Further, the scraper body is internally provided with a cleaning hole which is communicated with the dirt storage cavity and the outside, and the cleaning hole is detachably provided with a sealing element.

The invention has the beneficial effects that the impurities in the installation cavity of the rolling body can enter and be stored in the dirt storage cavity, the impurities are prevented from being continuously accumulated in the installation cavity to be compacted, the resistance of the impurities to the rotation of the balls is reduced, the phenomenon that the balls are locked by the compacted impurities is reduced, and part of pulverized coal or sludge in the impurities can be used as a lubricating medium, so that the rolling performance of the balls can be improved, the abrasion of the scraping plate is reduced, and the service life of the scraping plate is prolonged. The scraper effectively solves the problems in the prior art.

Drawings

The accompanying drawings, which are included to provide a further understanding of the invention and are incorporated in and constitute a part of this specification, illustrate embodiments of the invention and together with the description serve to explain the invention and do not constitute a limitation on the invention.
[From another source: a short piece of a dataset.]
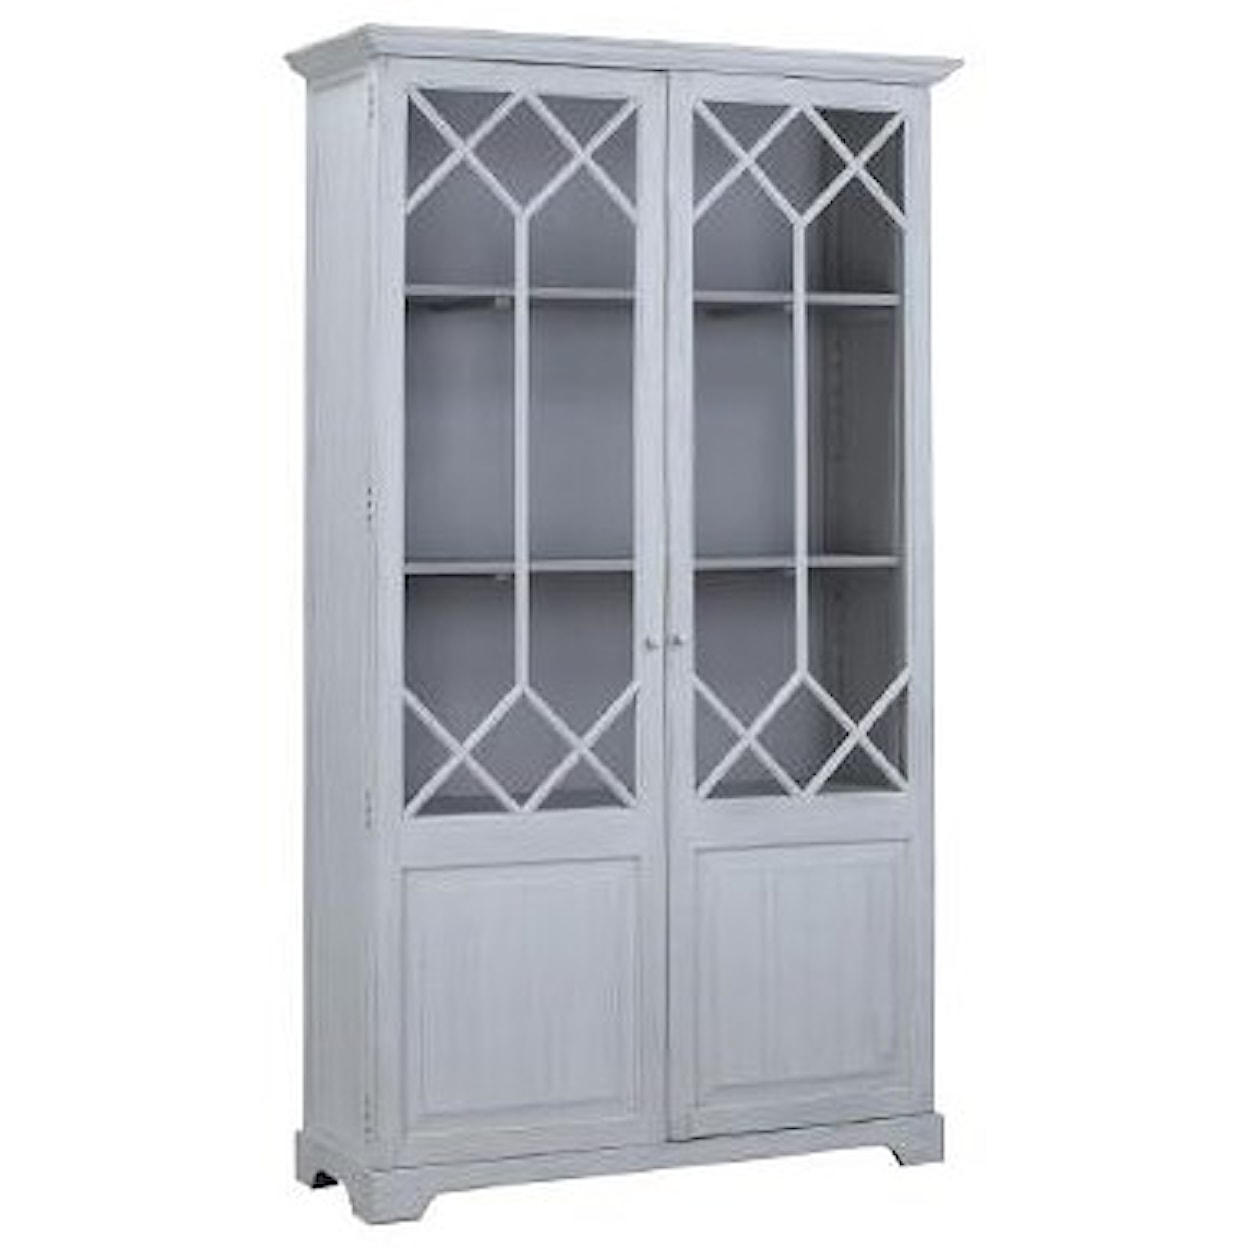 Dovetail Furniture Cabinets Alton Cabinet

In the drawings:

fig. 1 is a schematic front view of a scraper according to an embodiment of the present invention.

Fig. 2 is a schematic bottom view of a scraper according to an embodiment of the invention.
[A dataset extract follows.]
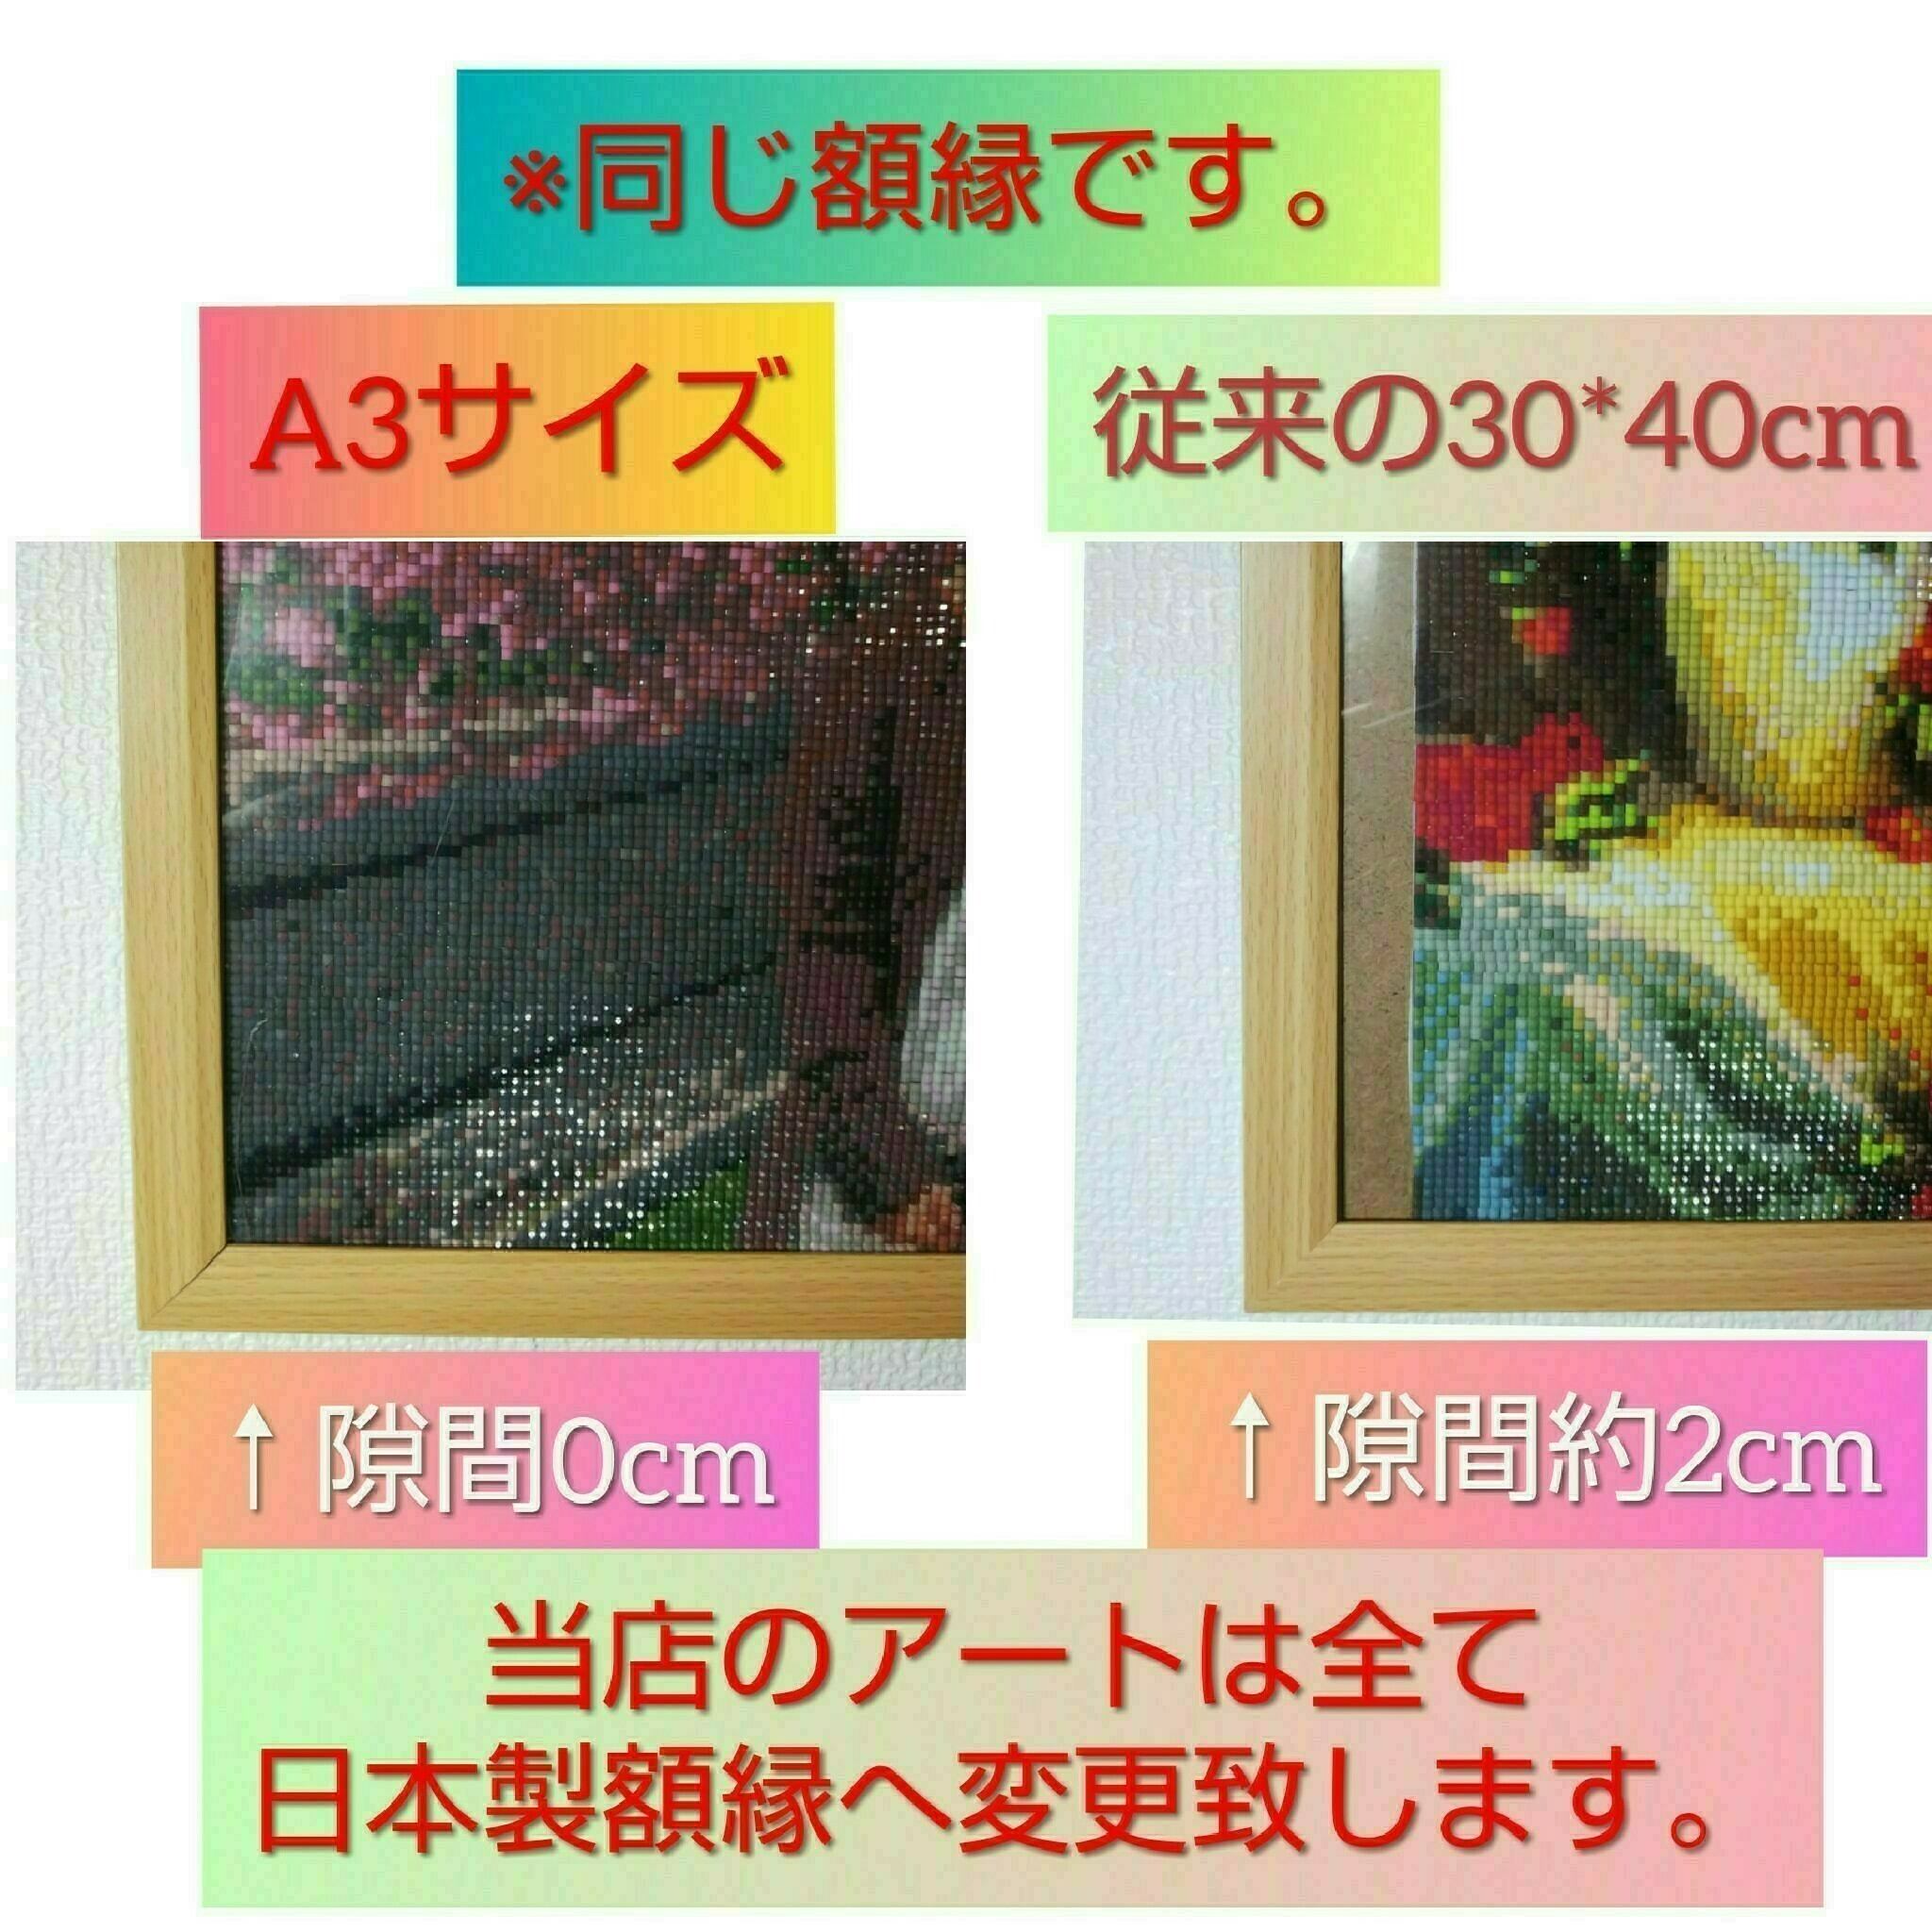 A3サイズ 四角ビーズ【fan-001】フルダイヤモンドアート

Fig. 3 is a schematic cross-sectional view of a portion of a scraper body according to an embodiment of the invention.

Fig. 4 is a schematic view showing a partial cross-sectional structure of a scraper blade in a state that a return stop portion closes a dirt guiding channel according to an embodiment of the present invention.

Fig. 5 is a schematic view illustrating a partial cross-sectional structure of a scraper blade in a state in which a return stop portion closes a dirt guiding channel according to another embodiment of the present invention.

FIG. 6 is a schematic cross-sectional view of a portion of a scraper blade with a return stop forming a dirt guiding gap according to an embodiment of the present invention.

Fig. 7 is a schematic view of a partial cross-sectional structure of a scraper with a dirt guiding hole at a stopping portion according to an embodiment of the present invention.

Fig. 8 is an enlarged partial schematic view at a in fig. 7.

FIG. 9 is a schematic view showing a partial cross-sectional structure of a scraper in a state where a return stop portion is horizontal in accordance with an embodiment of the present invention.

FIG. 10 is a schematic view showing a partial cross-sectional structure of a scraper blade with a return stop forming a dirt guiding gap according to another embodiment of the present invention.

FIG. 11 is a schematic view showing a partial cross-sectional structure of a scraper with a dirt guiding hole at a stop return portion according to another embodiment of the present invention.

Fig. 12 is a partially enlarged schematic view at B in fig. 11.

Fig. 13 is a schematic view showing a partial cross-sectional structure of a wiper blade of a housing forming support portion in an embodiment of the present invention.

FIG. 14 is a schematic view showing a partial cross-sectional structure of a scraper having sub-beads according to an embodiment of the present invention.

Fig. 15 is a schematic partial cross-sectional view of a scraper body according to another embodiment of the present invention.

FIG. 16 is a schematic view showing a partial cross-sectional structure of a seal mounted on a scraper body according to an embodiment of the present invention.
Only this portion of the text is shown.